Has a bottom has been found?
Gold and silver consolidated their new uptrends, with gold moving ahead while silver moved sideways. In European markets this morning gold was at $1787, up $22 on the week, and silver at $20.10, down 20 cents. Comex trade in the gold contract was light, while in silver it was slightly better.
How confident can we be that gold, and therefore silver, has found a bottom? The next chart shows the technical position.
Not only has a textbook flag appeared to have completed between $2070 and $1680, but the price is breaking up out of the tight down channel that followed from the last attempt on $2070 in March this year, ending at $1680 on 21 July. Furthermore, as our next chart shows Comex open interest is at the lowest for a year. This indicates that the Swaps (mostly bullion bank traders on the short tack) have reduced their shorts as much as they are likely to.
They also have managed to reduce the value of their shorts to the lowest level since June 2019. This is our next chart.
How much more selling is there to come from the longs? Well, the hedge funds (Managed Money) are now net short, which is unusually bullish from a contrarian point of view. This is next.
We used to call hedge funds the Masters of the Universe in the 1990s, but their track record in gold futures exposes them as extraordinarily inept as a class. They are long at the tops and short at the bottoms — every time. Combined with our other indicators, this is a bullish confirmation.

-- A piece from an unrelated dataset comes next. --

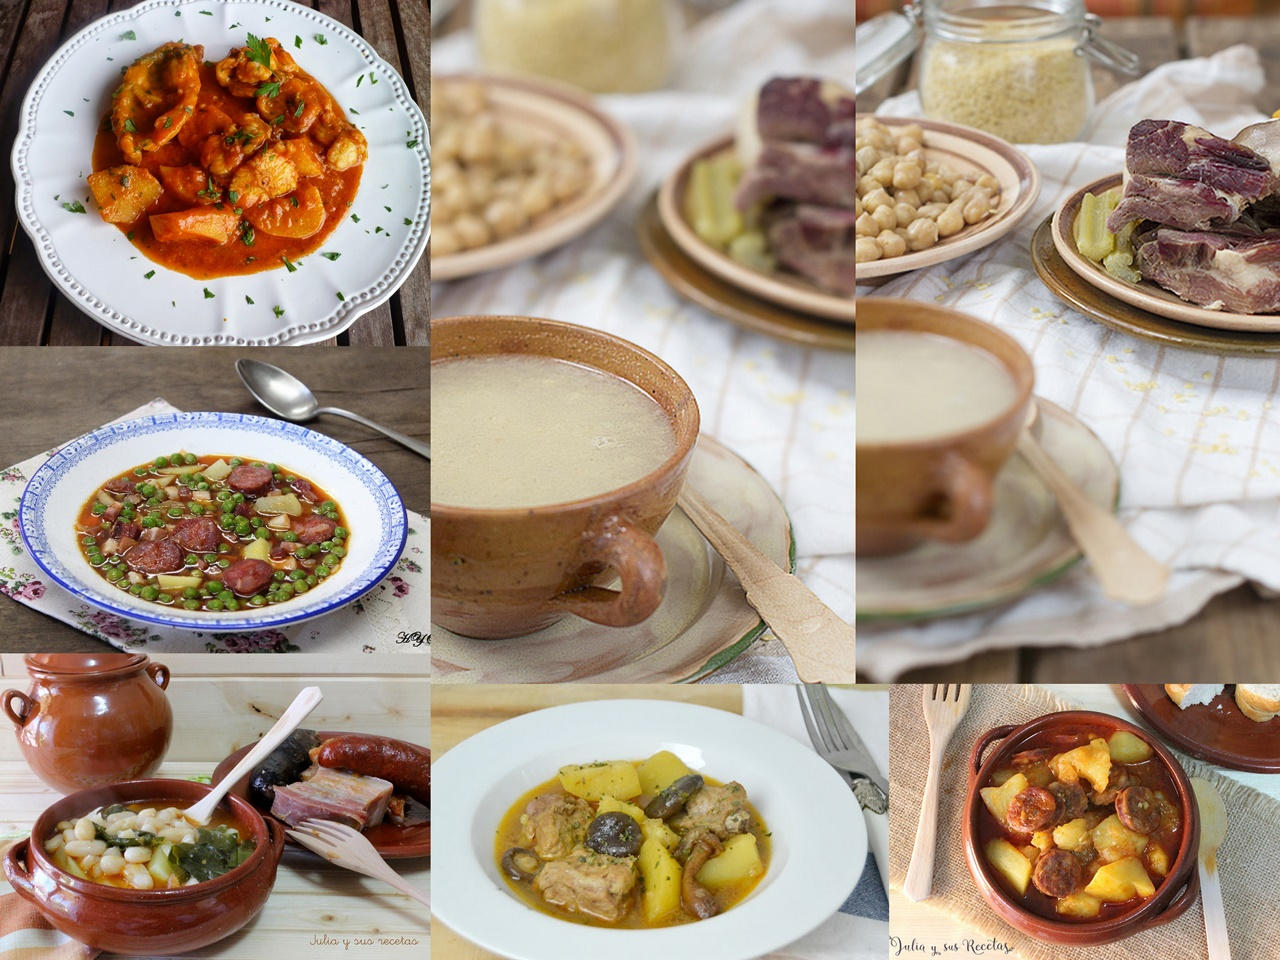 Platos de cuchara para el d a a d a cocina for Platos de cocina

In the real world of physical gold, buyers have been profiting from this paper nonsense. In the last five trading sessions, 26,006 Comex contracts have been stood for delivery (2,600,600 ounces, 80.89 tonnes) — high by any standards. This is only slightly less than for the whole of July. And while Russian and Chinese mined gold are not available, we find that according to the World Gold Council this morning, central banks added 59 tonnes to their reserves last month.
In this crazy world, the Bank of England was the latest to raise its key lending rate by 50 basis points to 1.75%. It warned Brits that inflation would hit 13.3% later this year. If the rate of interest is compensation for loss of purchasing power, then the BoE is 11.5% behind the curve.
One is tempted on this evidence to bracket the monetary knowledge of the MPC with the trading skills of the hedge funds. But perhaps we should give the MPC the benefit of the doubt. After all, announcements from central banks are public relations designed to persuade us the real enemy is not consumer price inflation, but recession.
The charts are telling us the way to navigate through this craziness is to just buy physical gold.